« On apprend de ses erreurs », pensait le philosophe Gaston Bachelard. Cette maxime semble pourtant ne pas s’appliquer à l’Histoire, ni à notre époque. Comme une piqûre de rappel, La Muette de Valérie Villieu et Simon Géliot tombe à point nommé.

Il ne s’agit pas de comparer les horreurs de l’histoire, mais bien de toutes les éviter. Pour cela, chaque responsable politique devrait lire attentivement cette œuvre poignante de Valérie Villieu (scénario) et Simon Géliot (dessin), qui nous plonge dans l’une des périodes les plus sombres de l’humanité : au camp de Drancy, entre 1941 et 1944.

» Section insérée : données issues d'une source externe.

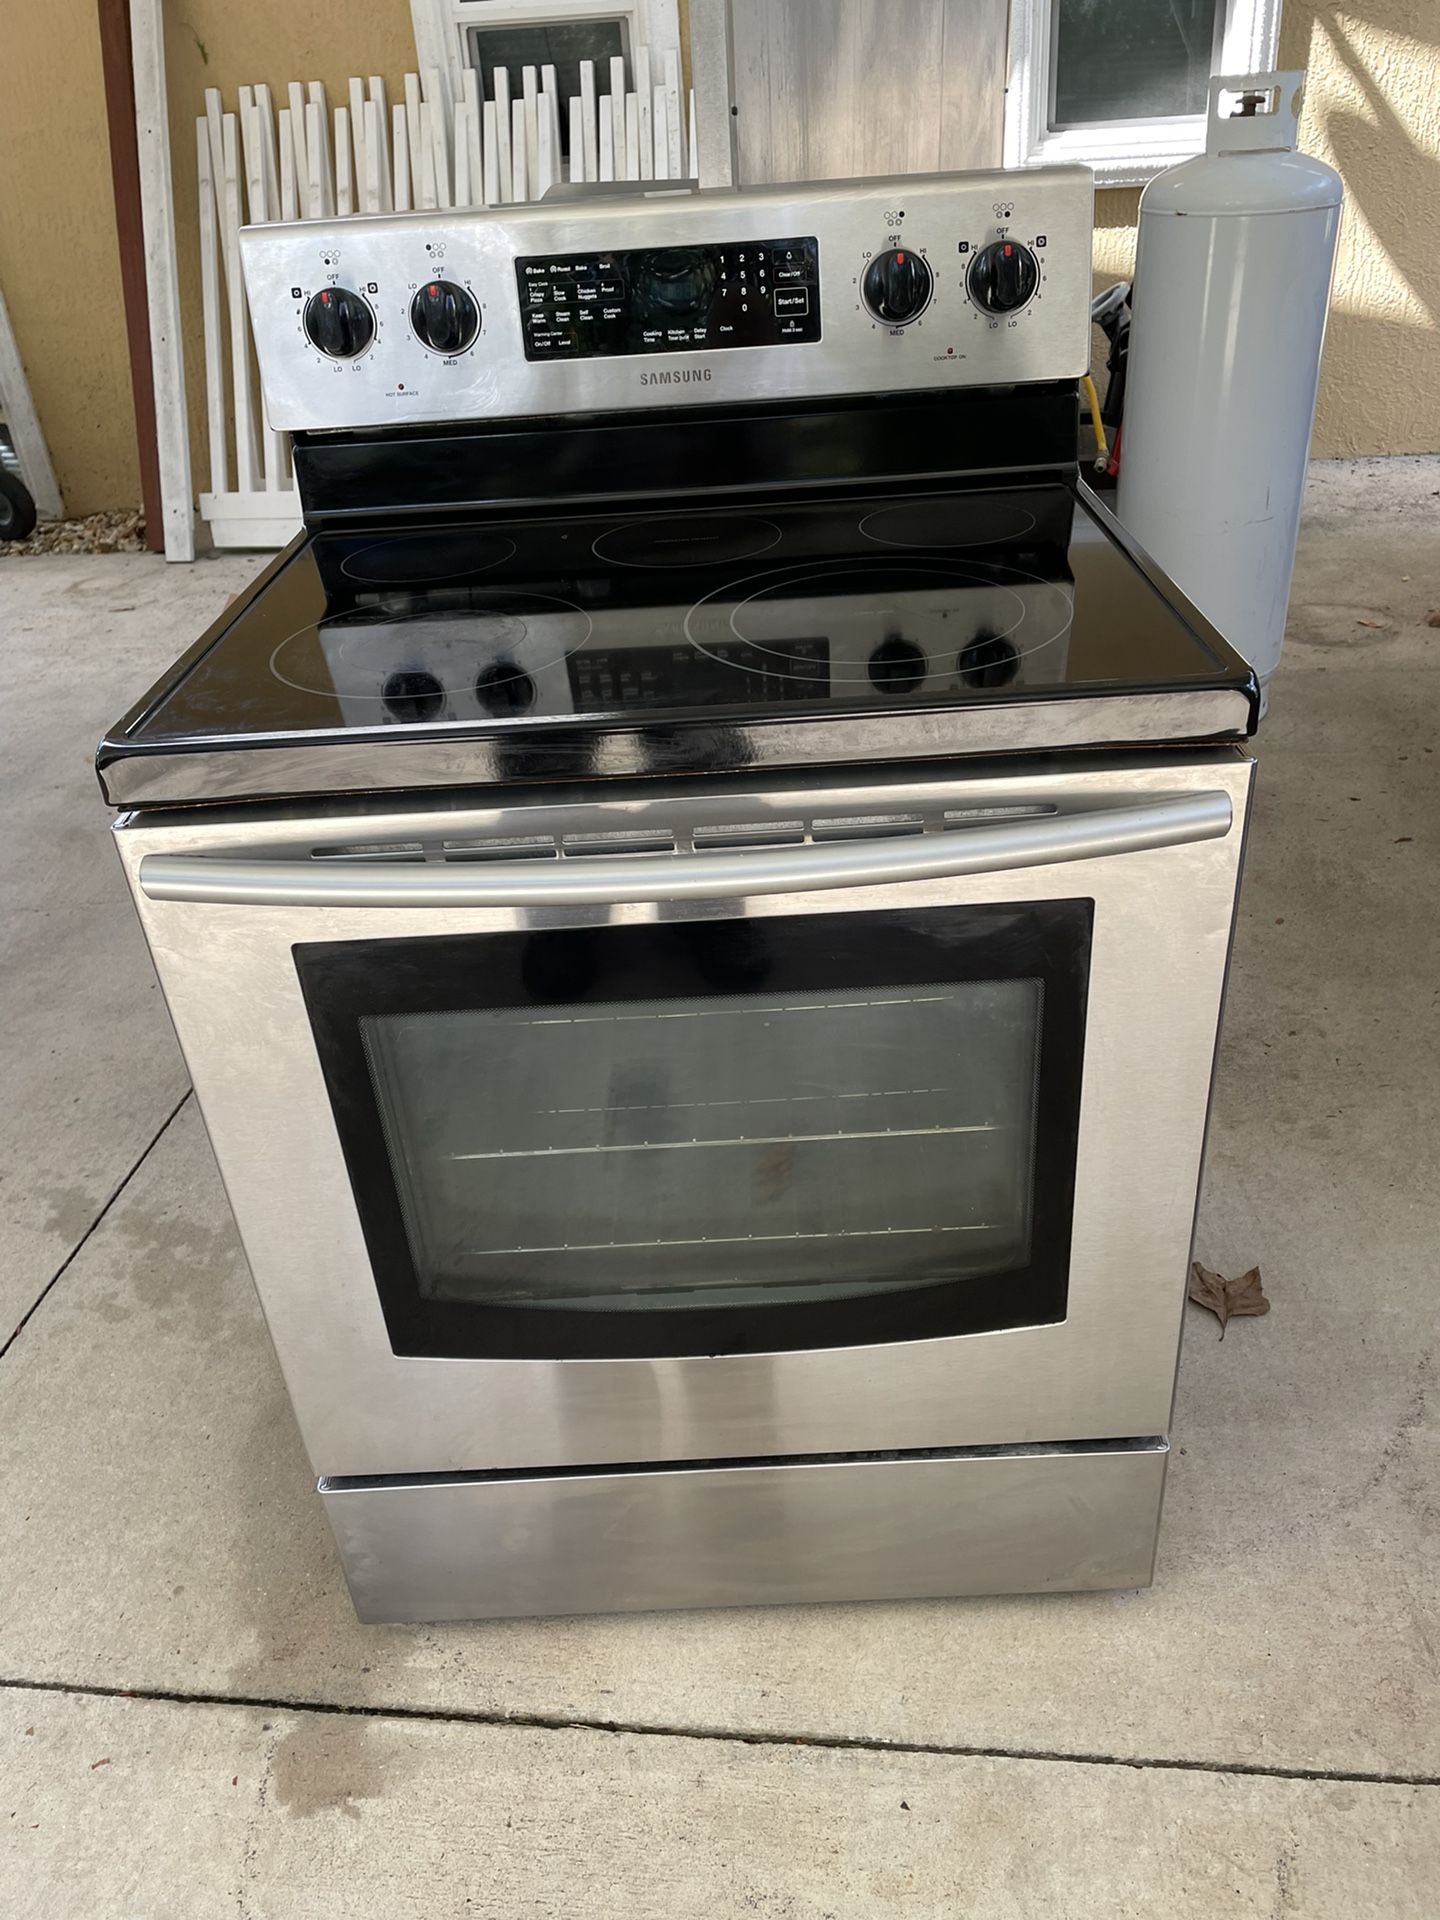 Samsung conventional stove

Le 20 août 1941, la police française se prépare à arrêter 5 000 habitants du 11e arrondissement de Paris, tous de confession juive. Quelques jours plus tard, 4 230 hommes sont internés dans la cité de La Muette à Drancy, dans des conditions inhumaines, orchestrées par des sadiques et des assassins, allemands comme français. Durant trois années, 67 000 hommes, femmes et enfants en partance pour les camps de la mort y seront humiliés, parfois torturés.

Parmi eux : Béno, Nissim, Jean, Chil, Chana… sur lesquels les auteurs braquent leur projecteur, pour rappeler qu’un chiffre n’est pas juste qu’un chiffre. Il représente des individus – bourgeois ou ouvriers, venus de tous horizons – qui vivaient à l’image du reste de la population. Que sont-ils devenus ? Le récit ne le dit pas. Il se concentre uniquement sur la vie dans le camp : son organisation, son évolution et le quotidien des internés. Les auteurs nous privent volontairement de ce qui se joue à l’extérieur pour mieux nous immerger dans ce cauchemar, magnifié par le trait stylisé de Simon Géliot, à la fois vif et tranchant. Un ouvrage à mettre entre toutes les mains, pour que jamais pareille horreur ne se reproduise, quel que soit le camp.
La Muette. Drancy, un camp aux portes de Paris – Scénario : Valérie Villieu – Dessin : Simon Géliot – Pages : 304 – Prix : 32,00 € – Editeur : La Boîte à Bulles.